Thursday, 11 January 2018: 4:30 PM
Room 14 (ACC) (Austin, Texas)
Jih-Wang Aaron Wang, NOAA, Boulder, CO; and P. D. Sardeshmukh, G. P. Compo, L. Slivinski, J. S. Whitaker, and C. McColl
Four sets of 7-day 80-member ensemble forecasts, started every 12 hours in the mid-January to mid-March 2016 El Niño Rapid Response (ENRR) Field Campaign period, were made using NCEP’s Global Forecast System (GFS). The sets differed in their inclusion or exclusion of the ENRR radiosonde and dropsonde observations over the east Pacific in the initial conditions, using a hybrid EnKF/4DVar versus a pure EnKF data assimilation method, and including or excluding stochastic parameterizations in the forecast model.

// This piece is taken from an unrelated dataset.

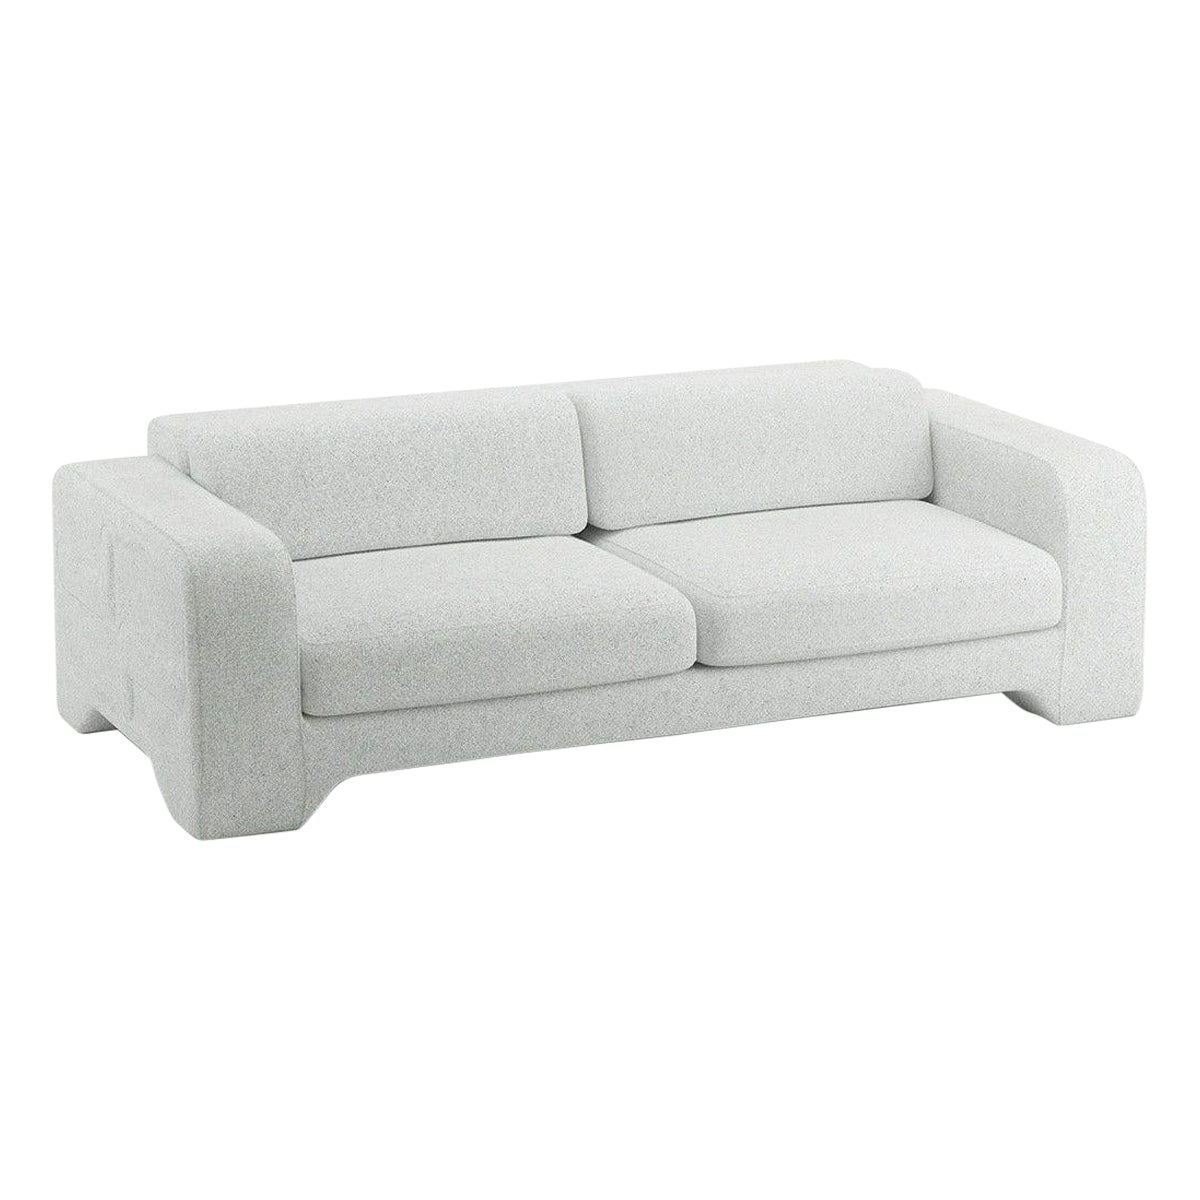 Popus Editions Giovanna 4 Seater Sofa in Cloud Zanzi Linen Fabric For Sale

The control forecast set was defined as the set that used the ENRR observations and the hybrid data assimilation method and included stochastic parameterizations in the forecast model. The control forecast root-mean-square (RMS) errors (defined with respect to the hybrid analyses that included the ENRR observations) of upper tropospheric geopotential height, upper tropospheric vorticity, mid-tropospheric vertical velocity, and column-integrated precipitable water in this control set were then compared to the errors in the other sets. In general the forecast errors were found to be only slightly sensitive to the ENRR observations, and more sensitive to the data assimilation method used. The 7-day forecast errors of upper tropospheric vorticity, mid-tropospheric vertical velocity, and column-integrated precipitable water are most sensitive to the inclusion or exclusion of stochastic parameterizations in the forecast model.

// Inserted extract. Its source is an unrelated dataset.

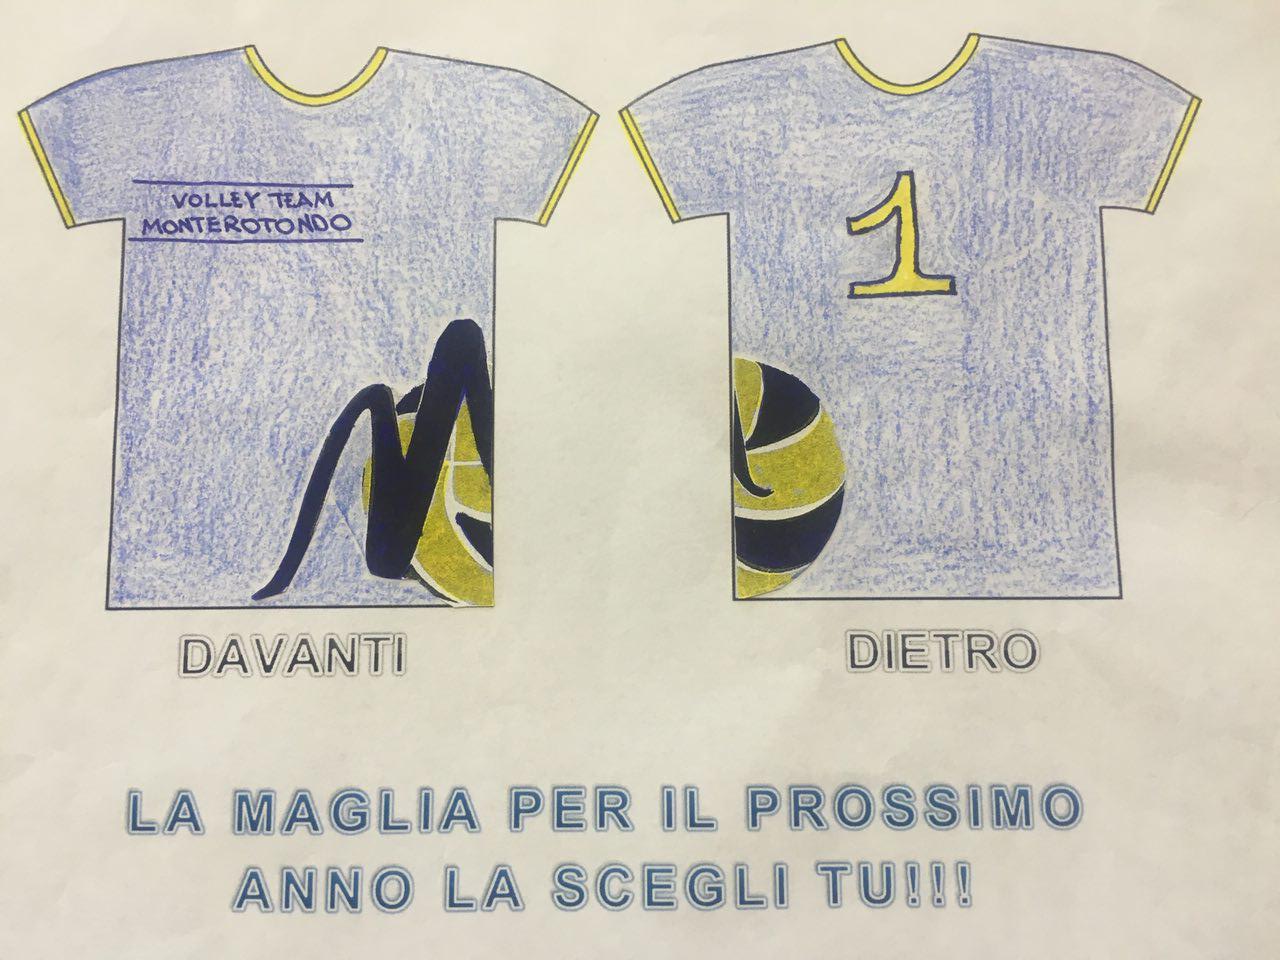 “Scegli tu la prossima maglia”: vince Daniele Cioffi con 525 voti!

Including the ENRR observations generally strengthened El Niño-related features in the extratropical upper tropospheric circulation. However, the effect was weak and did not reduce the RMS forecast errors everywhere. Interestingly, the ENRR observations also affected the evolution of extratropical synoptic waves. This was most clearly manifested in the time-evolving ensemble-mean differences between the control forecasts and the forecasts without the ENRR observations as an eastward propagating synoptic wavetrain. Such a wavetrain was also evident in the difference fields of the control and other forecast sets, but with much weaker amplitude. The wavetrain strongly resembled the dominant perturbation eigenmode of the extratropical circulation. The simplest interpretation of these results is that the perturbations in the initial conditions provided by the regionally localized ENRR observations systematically excited this eigenmode with a preferred phase, whereas the perturbations in the other forecast sets were not systematic in this way.